Here is my solution from first principles:
$$P\left(z' \leq z\ \left|\ z' = \frac{x}{x+y},\ x \sim X,\ y \sim Y\right. \right) = P\left(\frac{x}{x+y} \leq z\right) = $$
$$ \int dP_{X}(x) \int dP_{Y}(y)\ I\left[
\frac{x}{x+y} \leq z\right] =
\iint dx\ dy \ f_{X}(x)\ f_{Y}(y)\ \theta\left(y \frac{z} {1-z} - x\right),$$
where $\theta(x)$ is a Heaviside Step function.
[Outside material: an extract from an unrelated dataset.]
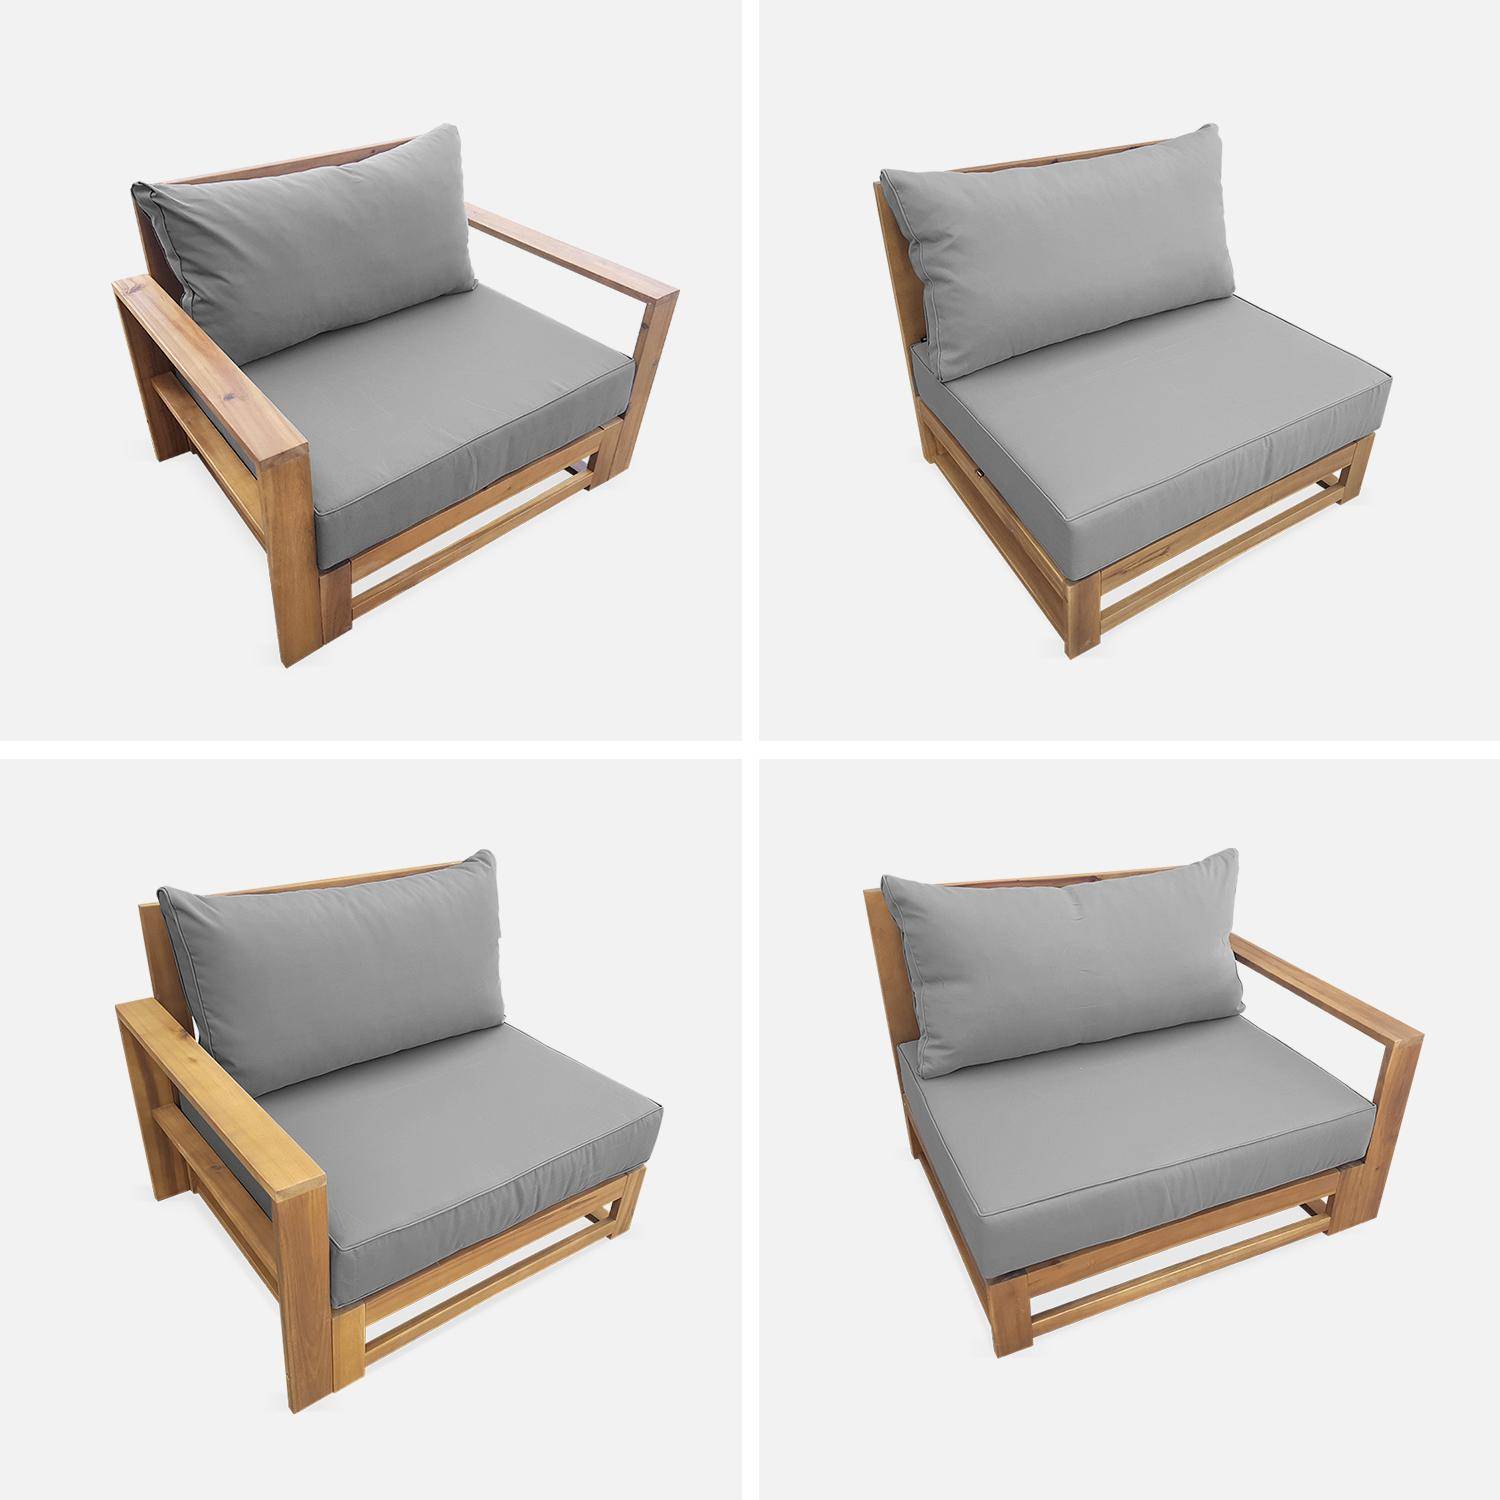 Gartenmöbel aus Holz mit 5 Sitzplätzen - Mendoza - graue Kissen, Sofa, Sessel und Couchtisch aus Akazie, 6 modulare Elemente, Design,sweeek,Photo7
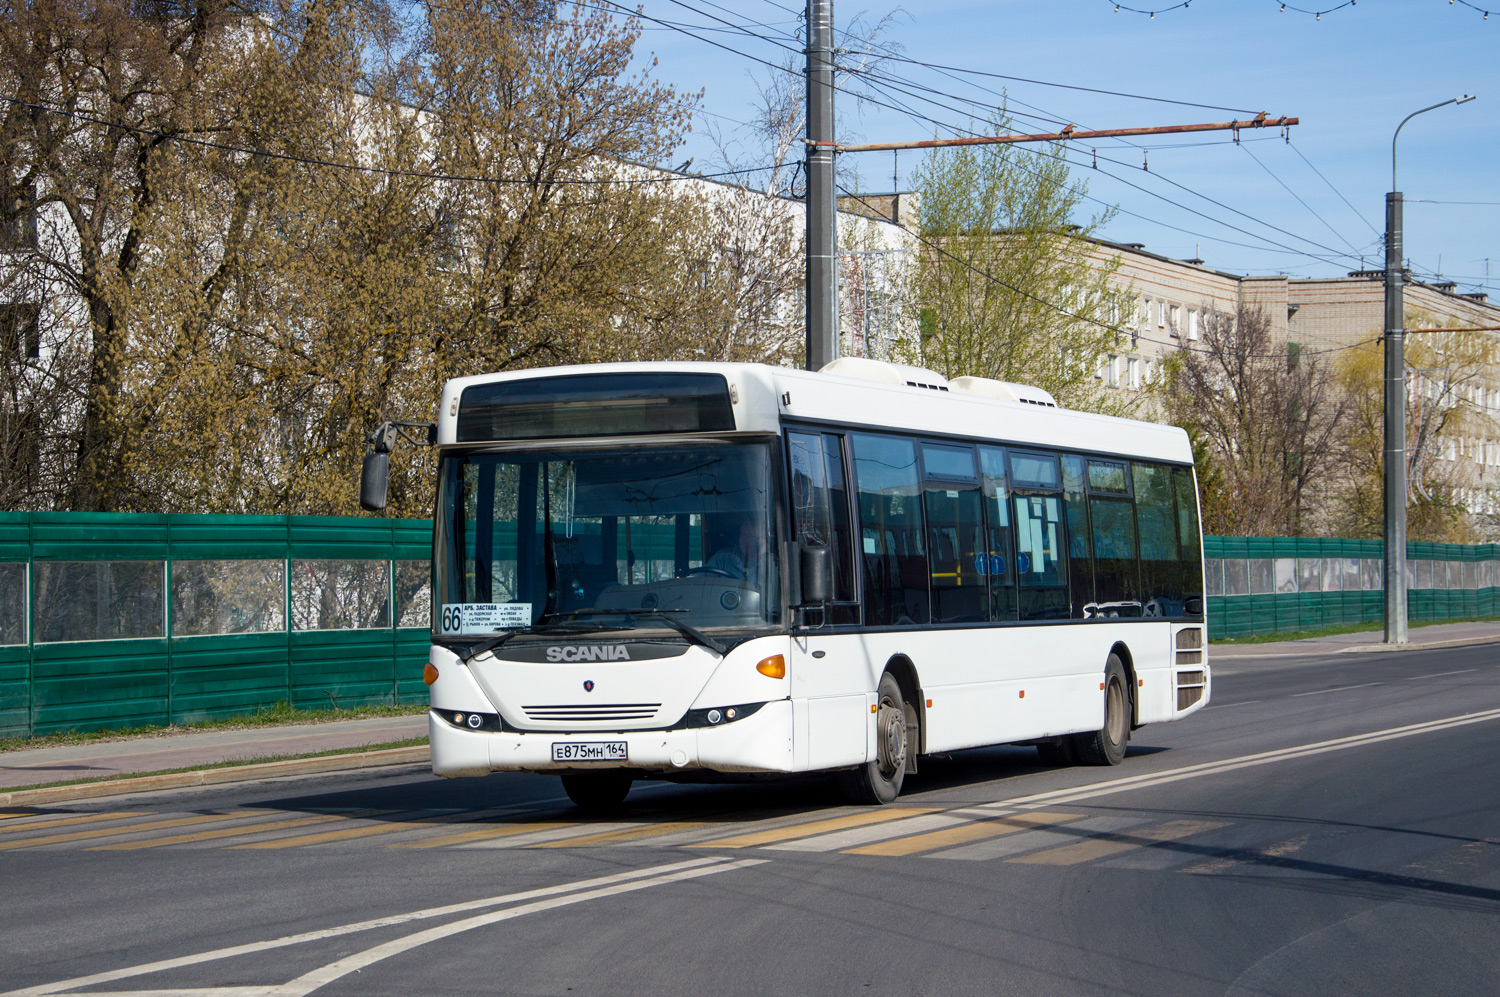 Penza region, Scania OmniLink II (Scania-St.Petersburg) # Е 875 МН 164

Differentiating $P(z)$ by $z$ one can obtain that
$$f_{Z}(z) = \frac{d}{dz} P(z' < z) =
\int dx\ f_{X}(x) \int dy\ f_{Y}(y)\ \delta\left(y \frac{z} {1-z} - x\right) \frac{y}{(1-z)^2},$$
where $\delta(x)$ is a Dirac Delta function. So integrating over $x$ one could see that
$$f_{Z}(z) = \int dy \ f_{Y}(y)\ f_X\left(y \frac{z}{1-z}\right) \frac{y}{(1-z)^2} =$$
$$\frac{1}{\Gamma(\alpha)\Gamma(\beta)} (1-z)^{-2} \int dy\
y^{-\beta -1}e^{-\frac{1}{y}}\cdot y^{-\alpha - 1} z^{-\alpha -1} (1-z)^{\alpha+1} e^{-\frac{1-z}{yz}},$$
and after simplification and integration by $y$
$$f_{Z}(z) = \frac{\Gamma(\alpha + \beta)}{\Gamma(\alpha)\Gamma(\beta)} (1-z)^{\alpha-1} z^{\beta - 1}$$ which is probability density of beta distribution $Beta(\beta, \alpha).$
P.S. You can avoid using of Step/Delta functions by specifying precise limits of the inner integral, but I find that way less handy.